Support for other languages in Text-to-lexemes - Githubissues

fnielsen / ordia

Wikidata lexemes presentations

https://ordia.toolforge.org

Apache License 2.0

24 stars 13 forks source link

Support for other languages in Text-to-lexemes #20

Open johnsamuelwrites opened 5 years ago

johnsamuelwrites commented 5 years ago

Currently https://tools.wmflabs.org/ordia/text-to-lexemes supports seven languages. Is it possible to include other languages? Or are you supporting the languages based on the number of lexemes in a language. So, the seven already chosen languages are the ones with the highest number of lexemes.

fnielsen commented 5 years ago

@johnsamuelwrites It is possible to support other languages. If there are any language you specifically want I can add them, otherwise I will need to make a bit more work to include languages generally.

fnielsen commented 5 years ago

See also #9

johnsamuelwrites commented 5 years ago

Please check PR https://github.com/fnielsen/ordia/pull/22. I have added support to three languages.

fnielsen commented 5 years ago

It now runs https://tools.wmflabs.org/ordia/text-to-lexemes

@johnsamuelwrites I wonder if you could check up on whether it works? I am not sure the word tokenization works for Hindi and Malayalam? - Or maybe it is because there are few words in the respective languages. The tokenization is fairly simple at the moment.

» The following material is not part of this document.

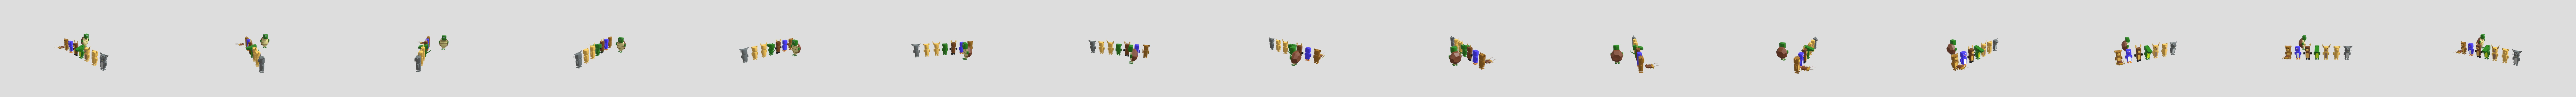 super bear adventure characters - Download Free 3D model by

For instance, https://tools.wmflabs.org/ordia/text-to-lexemes?text-language=ml&text=%E0%B4%85%E0%B5%BB%E0%B4%AA%E0%B4%A4%E0%B5%8D%20%20%E0%B4%A8%E0%B4%BE%E0%B4%B2%E0%B5%8D%E0%B4%AA%E0%B4%A4%E0%B5%8D%20%20%E0%B4%AE%E0%B5%81%E0%B4%AA%E0%B5%8D%E0%B4%AA%E0%B4%A4%E0%B5%8D . It looks wrong to me.

johnsamuelwrites commented 5 years ago

Thanks @fnielsen. You're right. I will also take a look.

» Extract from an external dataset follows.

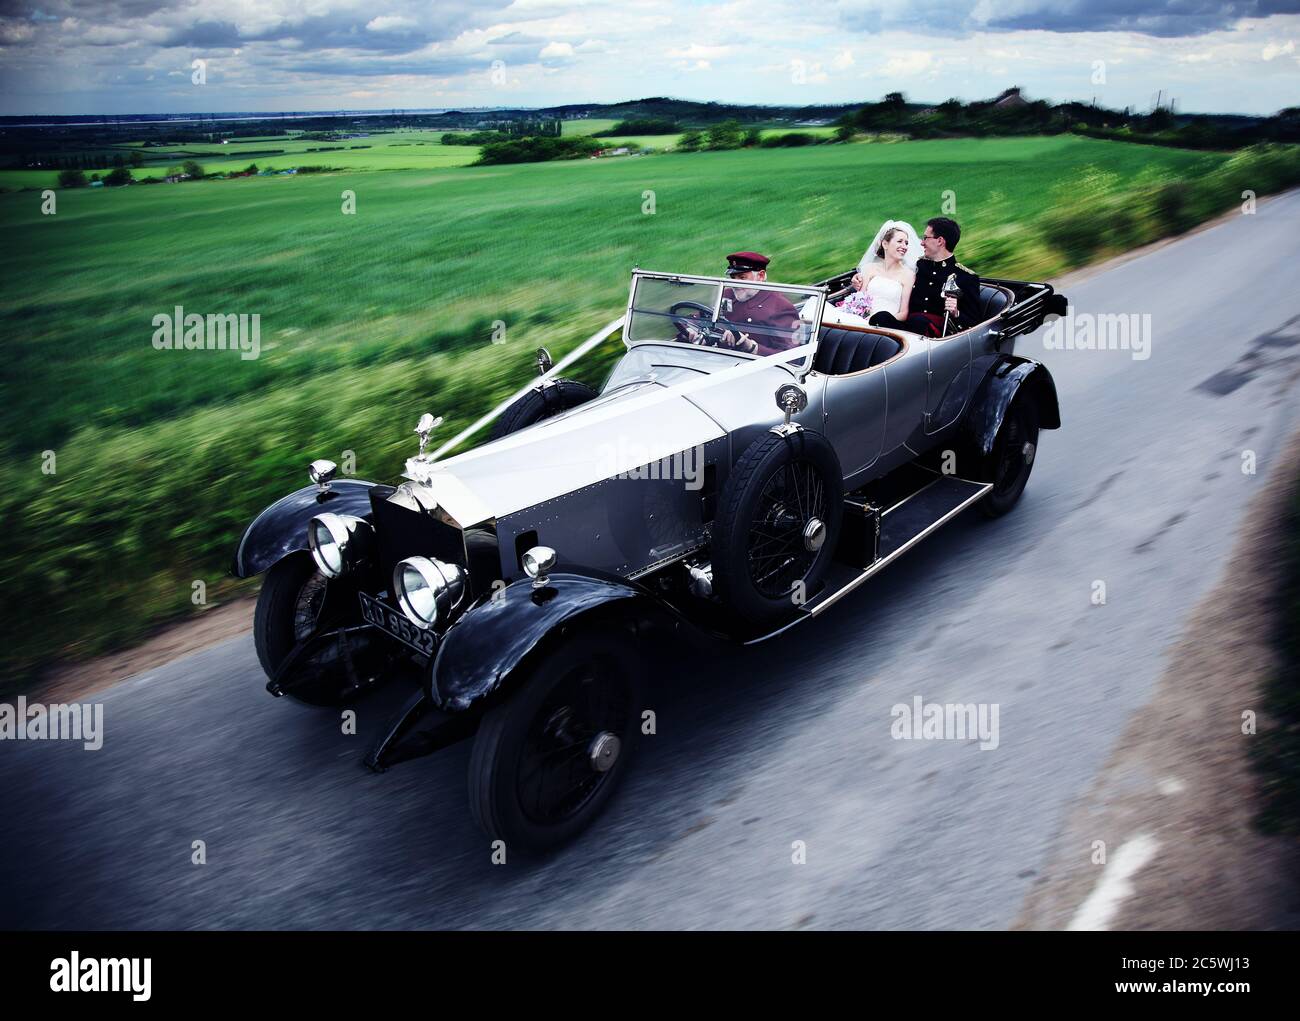 Rare 1920s classic vintage Rolls Royce Silver Ghost wedding car vehicle in motion. Bride and groom driven by chauffeur on their wedding day. Stock Photo

fnielsen commented 5 years ago

The word tokenization is just a regular expression: https://github.com/fnielsen/ordia/blob/master/ordia/text.py#L8 Is Devanagari diacritics might be an issue?

fnielsen commented 5 years ago

There is apparently some part of the Hindi Unicode that is not by default recognized as a word character

>>> [unicodedata.category(c) for c in "काशीपुर भारत"]
['Lo', 'Mc', 'Lo', 'Mc', 'Lo', 'Mn', 'Lo', 'Zs', 'Lo', 'Mc', 'Lo', 'Lo']

fnielsen commented 5 years ago

I wonder why you didn't type in the form of രണ്ട് at https://www.wikidata.org/wiki/Lexeme:L2389? The matching of text-to-lexemes happens with the forms.

fnielsen commented 5 years ago

It might work now: https://tools.wmflabs.org/ordia/text-to-lexemes?text-language=ml&text=%E0%B4%AA%E0%B5%82%E0%B4%A4%E0%B4%95%E0%B5%8D%E0%B4%95%E0%B5%81%E0%B4%9F%E0%B5%8D%E0%B4%9F%E0%B5%BB%20%20%E0%B4%AA%E0%B5%82%E0%B4%A4%E0%B4%95%E0%B5%8D%E0%B4%95%E0%B5%81%E0%B4%9F%E0%B5%8D%E0%B4%9F%E0%B5%BB

johnsamuelwrites commented 5 years ago

I checked, it's tokenizing correctly. Thanks. I will add the forms.

bodhisattwawiki commented 5 years ago

For Bengali, #48